Il canto del clarinetto solista, accompagnato da pizzicati impalpabili
dell’intera compagine di archi, emergeva dolente e commovente, e infatti
l’artista ha ricevuto, alla fine, la sua dose di ovazioni. Ciò che ha
caratterizzato quest’esecuzione è stata la nitidezza dei fraseggi di ogni
sezione, che entravano l’uno nell’altro, nel vortice sonoro e quasi
onomatopeico che avvolgeva i due amanti infelici. Magistrale. Leticia Moreno,
violinista giovane e già assai carismatica, si impone fin dall’ingresso: allure
aristocratica e sicura unita all’esilità della figura, quasi una modella
prestata alla musica. Questa violinista di nuova generazione ma al tempo stesso
creatura di un tempo indefinito, elegante e sensuale, ha la fortuna di suonare
su un violino Nicola Gagliano del 1762, il cui suono vellutato rispecchia
perfettamente l’immagine che l’artista dà di sé. I suoni che la Moreno ha
cavato da questo strumento assai pregevole, anche se leggermente flebili
rispetto a uno strumento più moderno, erano caldissimi, avvolgenti, e il suo
virtuosismo evidente ma non ostentato, al contrario, era assolutamente
comunicativo, come se non potesse essere che così, naturale. Era insomma, questo
strumento, quasi una voce umana.
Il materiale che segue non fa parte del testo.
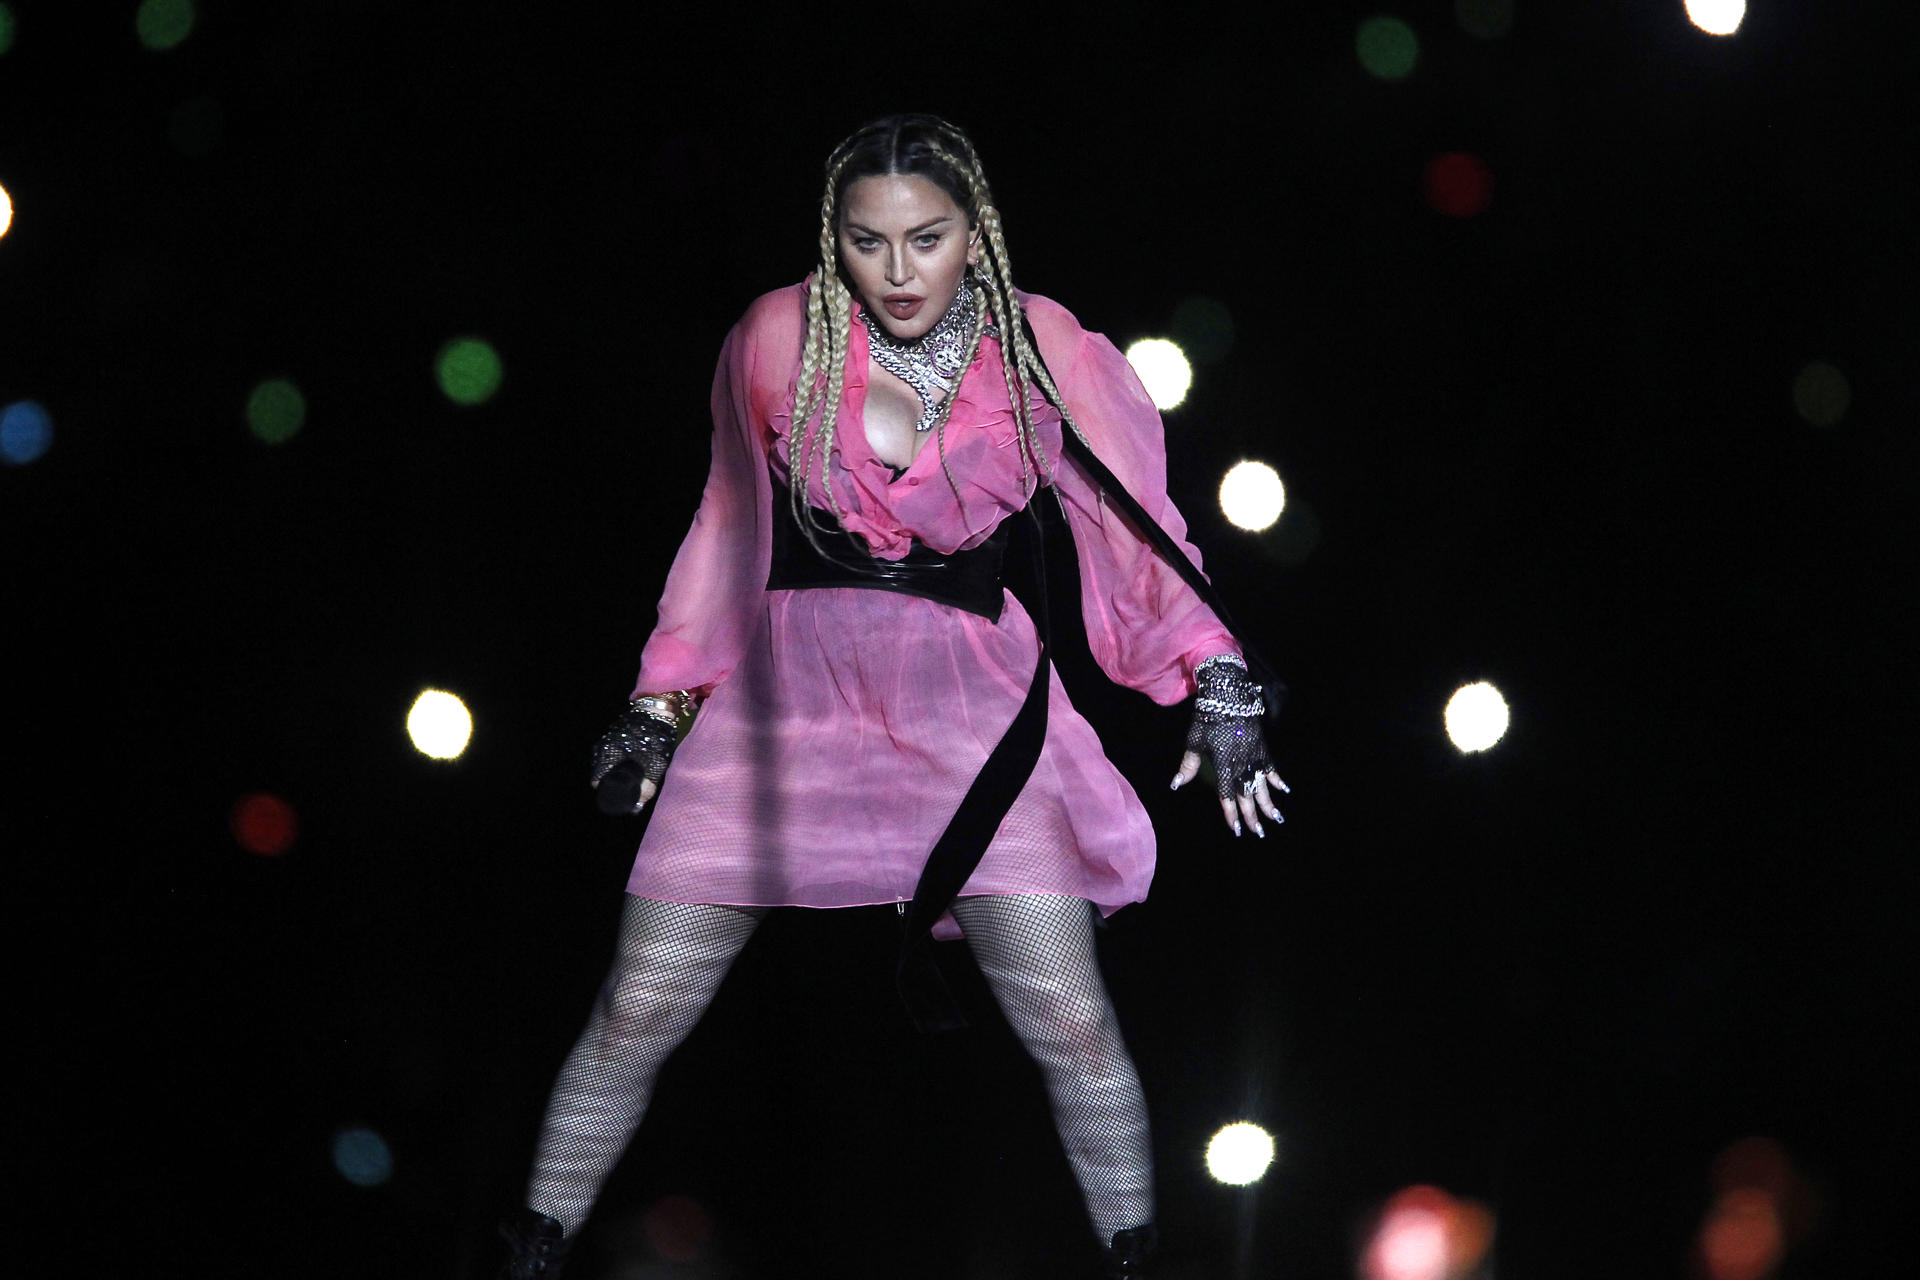 Fotografía de archivo fechada el 30 de abril de 2022 que muestra a la cantante estadounidense Madonna mientras se presenta durante el concierto "Medallo en el mapa" de Maluma, en Medellín (Colombia). EFE/Luis Eduardo Noriega

L’organico ridotto dell’orchestra, sotto la
leggera ed elegantissima direzione di Temirkanov, nel concerto di Felix
Mendelssohn, ha consentito alla sensazionale musicalità della Moreno di
emergere al suo meglio, senza sosta, alternando una mirabile propensione
all’elegia nei momenti lirici e una virtuosità consumata nei travolgenti
“allegro”. Bis splendido con pianoforte: “Nana” di Manuel de Falla, che si
accordava perfettamente al tono elegiaco della serata. Pubblico adorante,
giustamente. La seconda parte del
concerto era interamente occupata dal balletto “Petroushka” di Igor
Stravinskij, nella versione nel 1947. Non ci sono parole
per la perfezione raggiunta da questo ensemble sinfonico nella difficilissima partitura
stravinskiana, soprattutto per la ritmica, dove si fondono molti brani con
melodie e tempi completamente diversi, creando quel senso di disorientamento
che si prova nei luna park, dove ogni rumore si confonde con quello delle
giostre e dei fenomeni vicini. Temirkanov ha diretto con un chiarissimo gesto e
pochi cenni un’immenso affresco popolare, dominato da burattini e dalle loro
immaginate passioni. Pensato per Diaghilev e i suoi Ballets Russes fu danzato
da Nijinskij, la Karsavina e Orlov… ma sono certo che i loro fantasmi erano lì
presenti, e quasi si vedevano danzare in mezzo a quella perfezione musicale:
un’esecuzione come questa risveglia gli spiriti di tutti i danzatori del
passato. Le melodie popolari intonate dagli strumenti che caratterizzano i
personaggi, eseguite dalle bravissime prime parti dell’orchestra, dalla
boite-à-musique alla tromba, ai flauti, agli oboi, al pianoforte, alle
percussioni, eccetera, erano tanto espressive che il carattere drammatico e
narrativo della partitura veniva fuori spontaneamente raccontandoci la storia
senza le parole e senza l’azione coreografica. Applausi sonori per tutti
e due preziosi bis: Momento musicale n 3 di Franz Schubert, in un’insolita
versione per archi, dalla leggerezza di un velo di seta, e il sontuoso “Pas de
deux” dallo Schiaccianoci, in una travolgente interpretazione di Temirkanov:
Russians do it better, non c’è nulla da fare.